Source data:

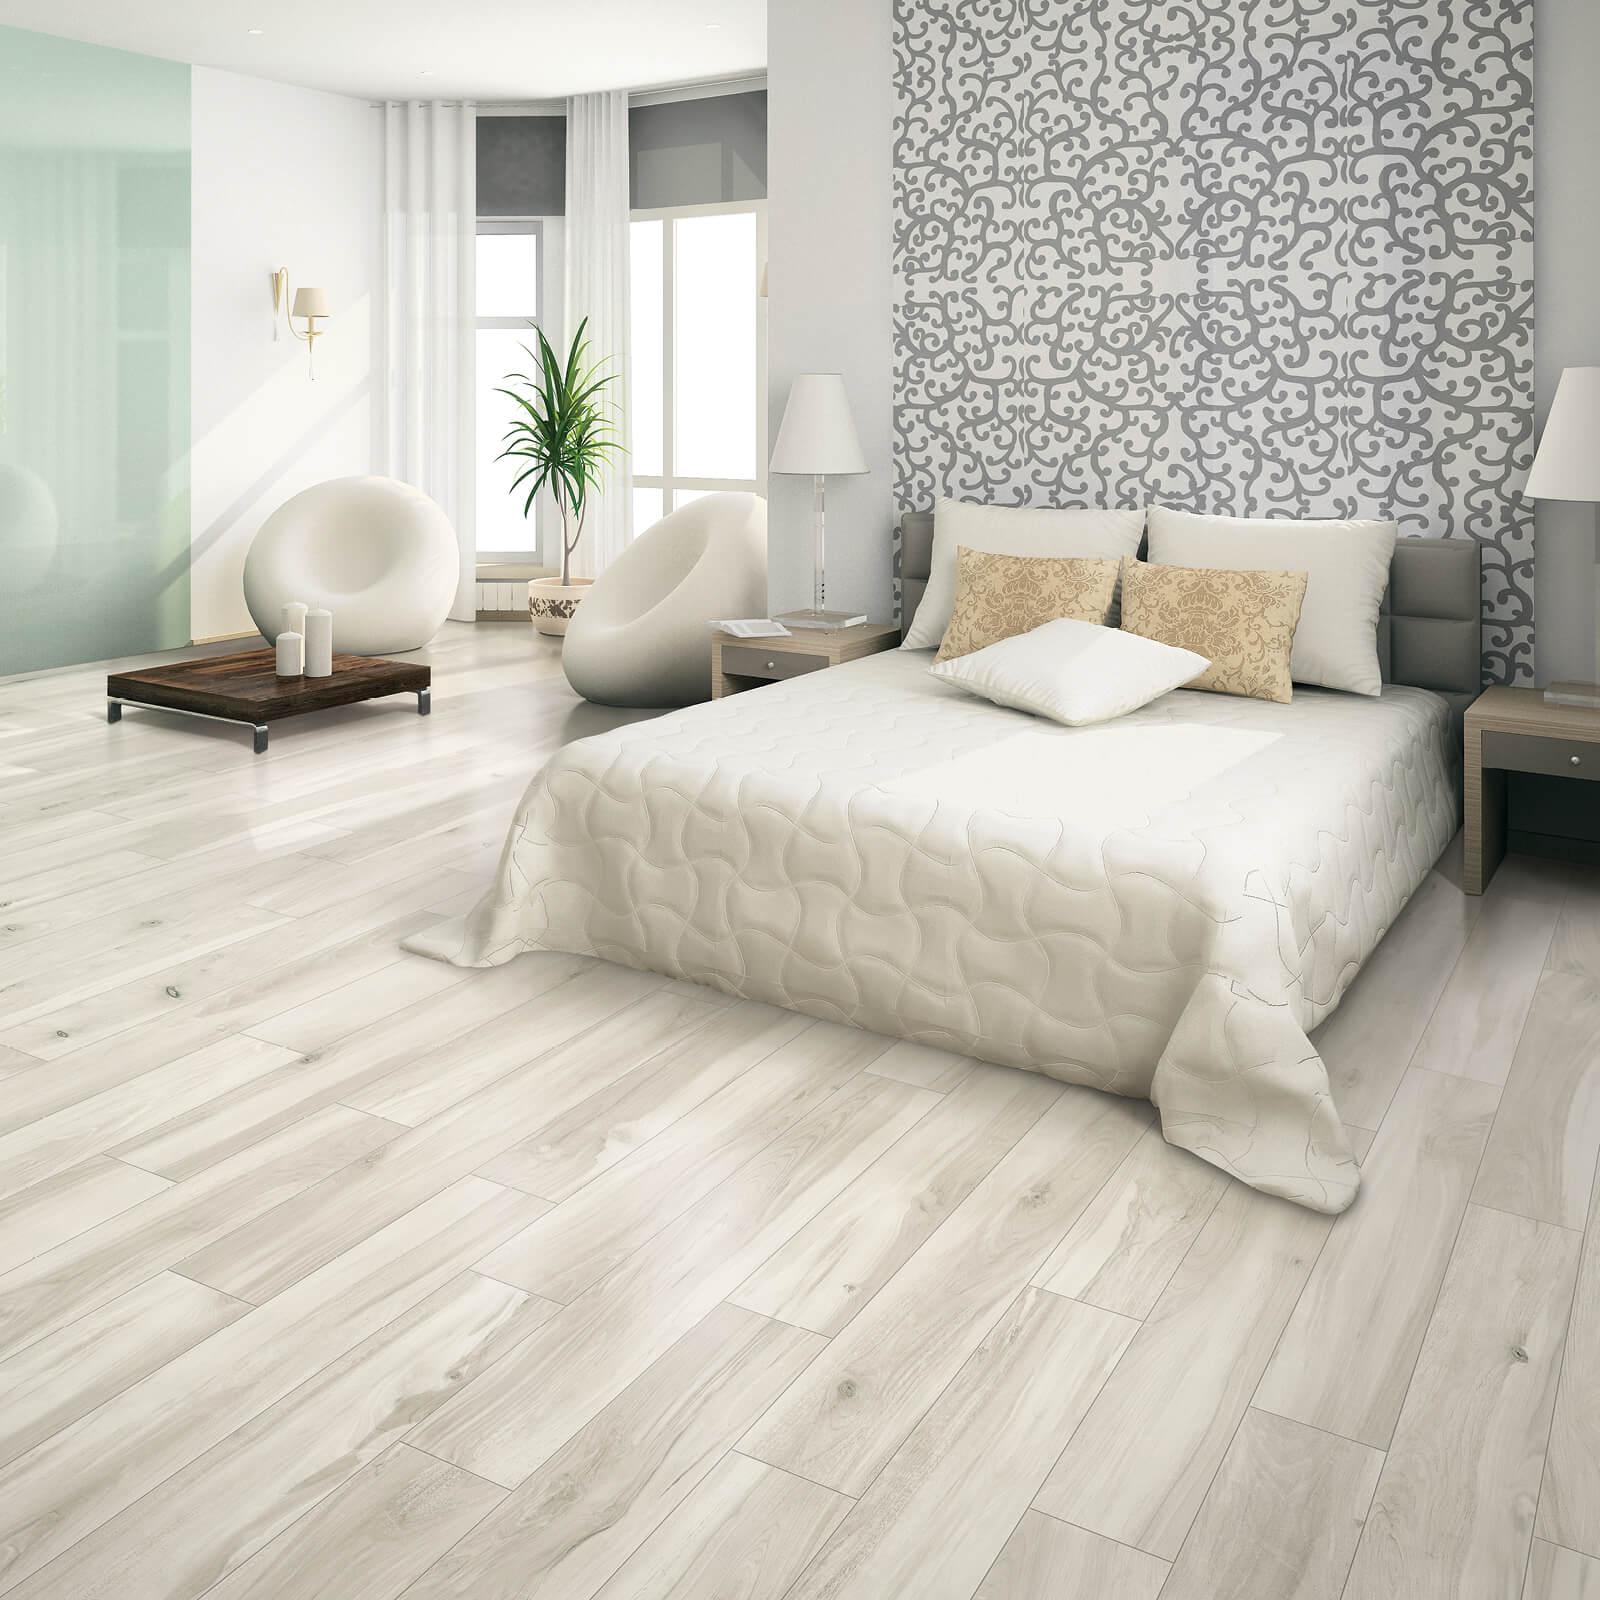 Tile in the Bedroom | Dalton Flooring Outlet
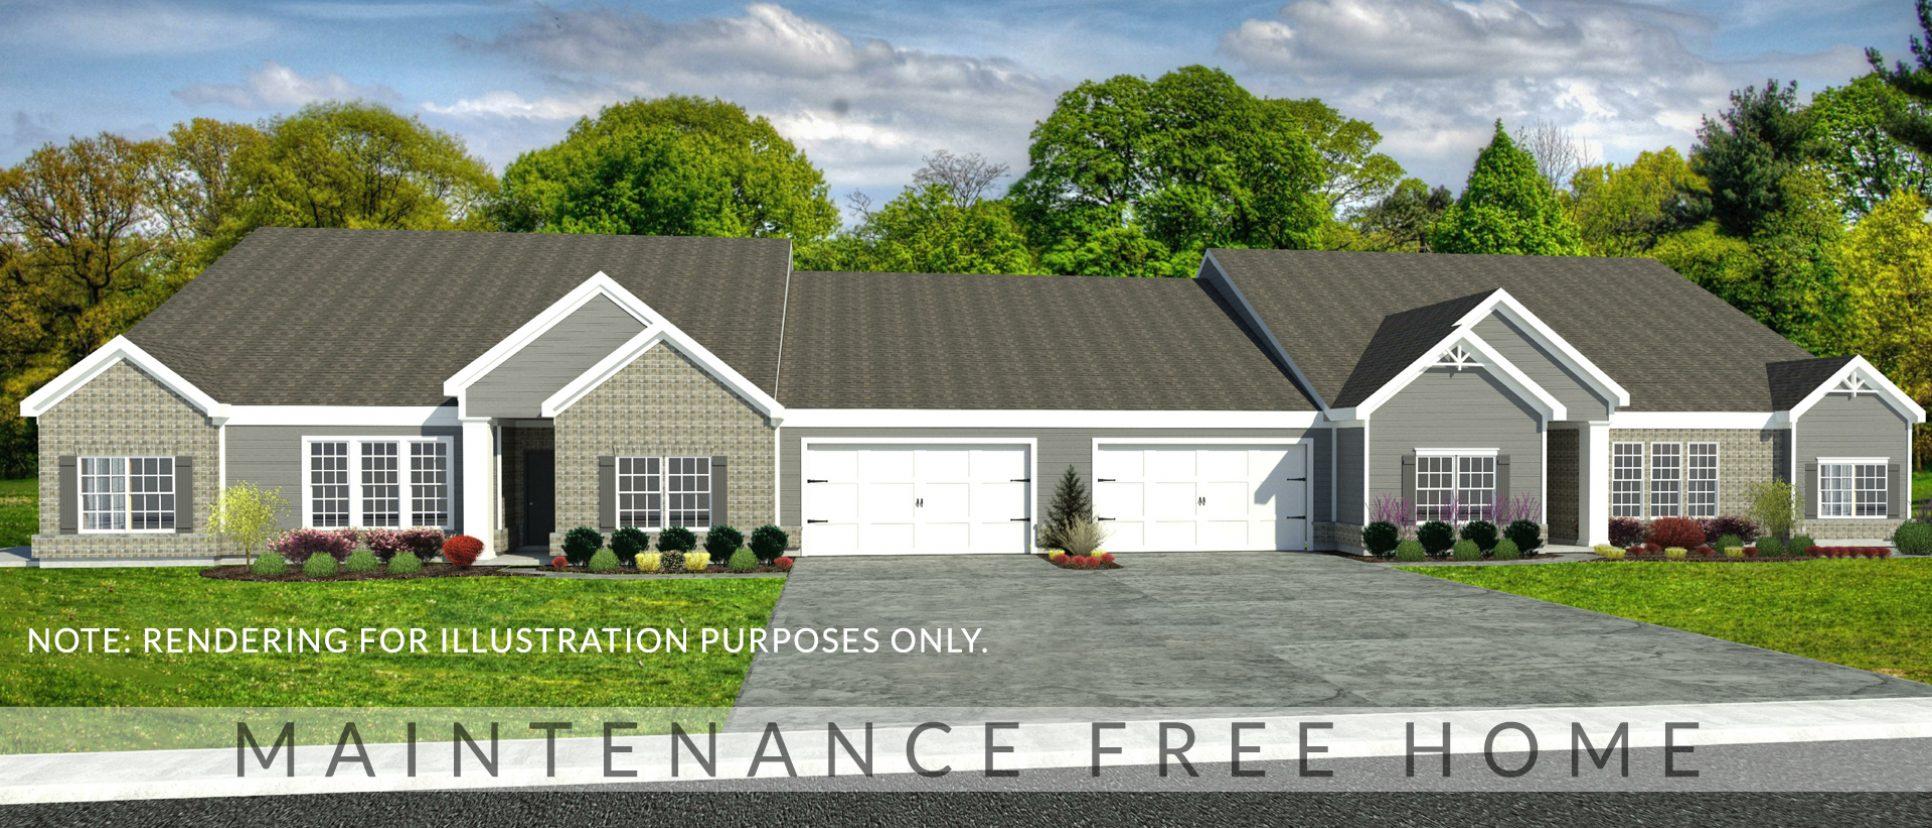 Exterior rendering of The Abbington. A condo in Soraya Farms, custom built by Design Homes and Development.
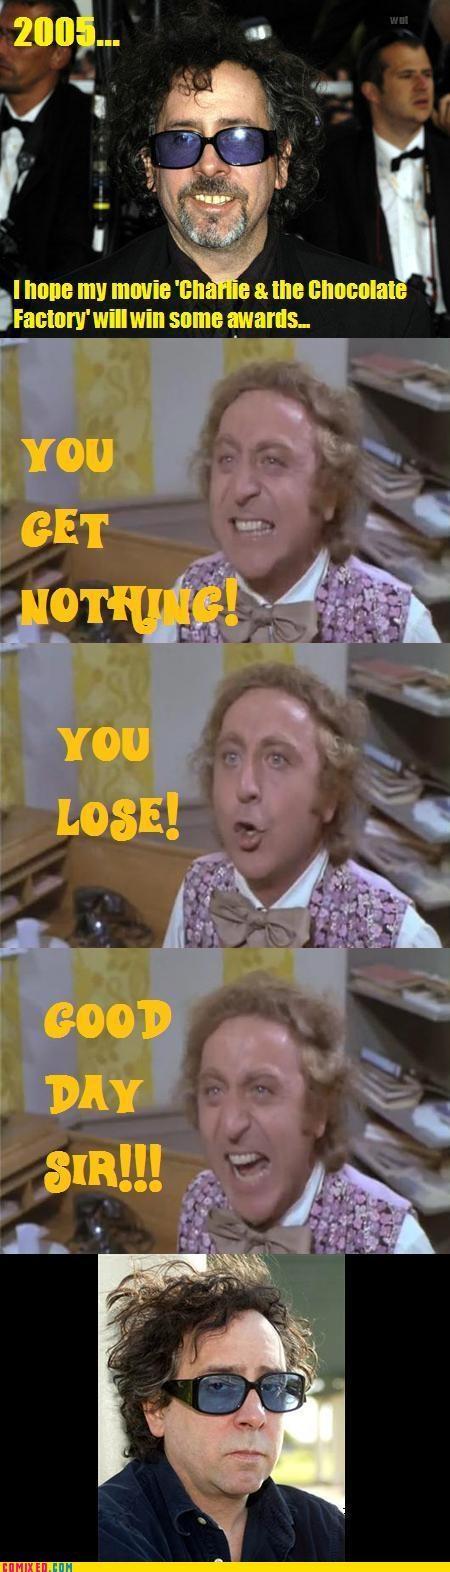 charlie-the-chocolate-factory,Movie,Willy Wonka
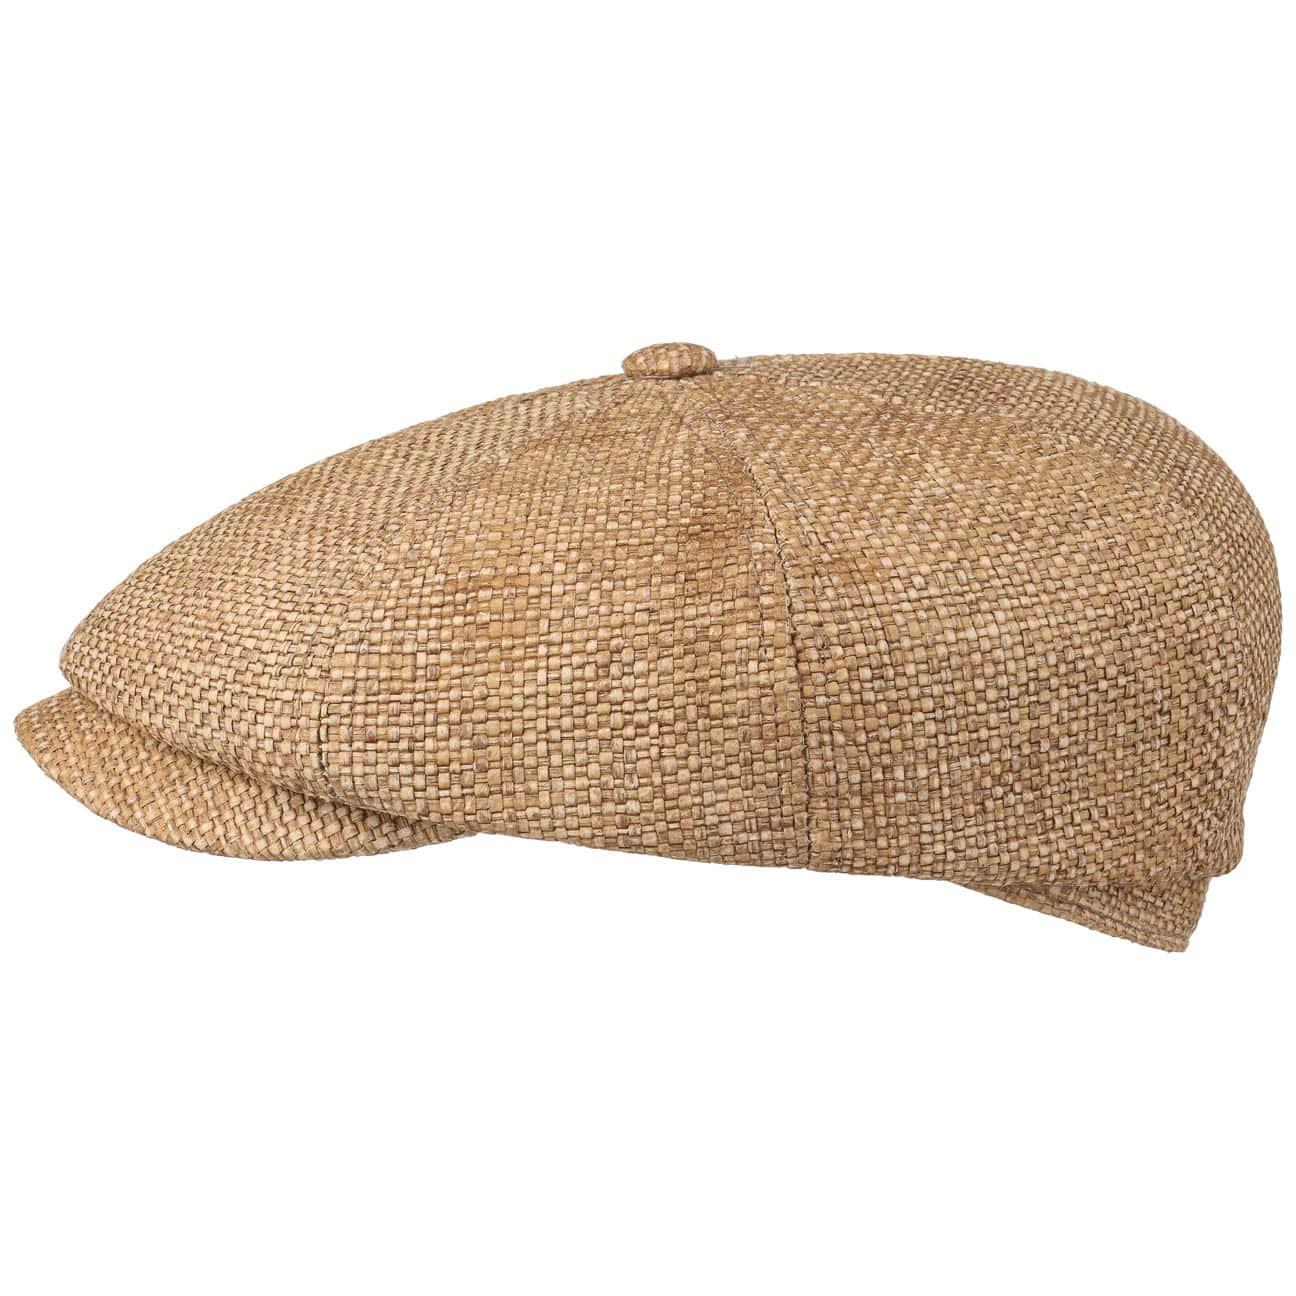 Hatteras Toyo Classic Flat Cap by Stetson  straw cap

Task details:
Keep the pictures out of your answer, which should be the lines from the one with "Exterior rendering of" through the final line of the data, copied exactly.

Task solution:
 Exterior rendering of The Abbington. A condo in Soraya Farms, custom built by Design Homes and Development.
 charlie-the-chocolate-factory,Movie,Willy Wonka
 Hatteras Toyo Classic Flat Cap by Stetson  straw cap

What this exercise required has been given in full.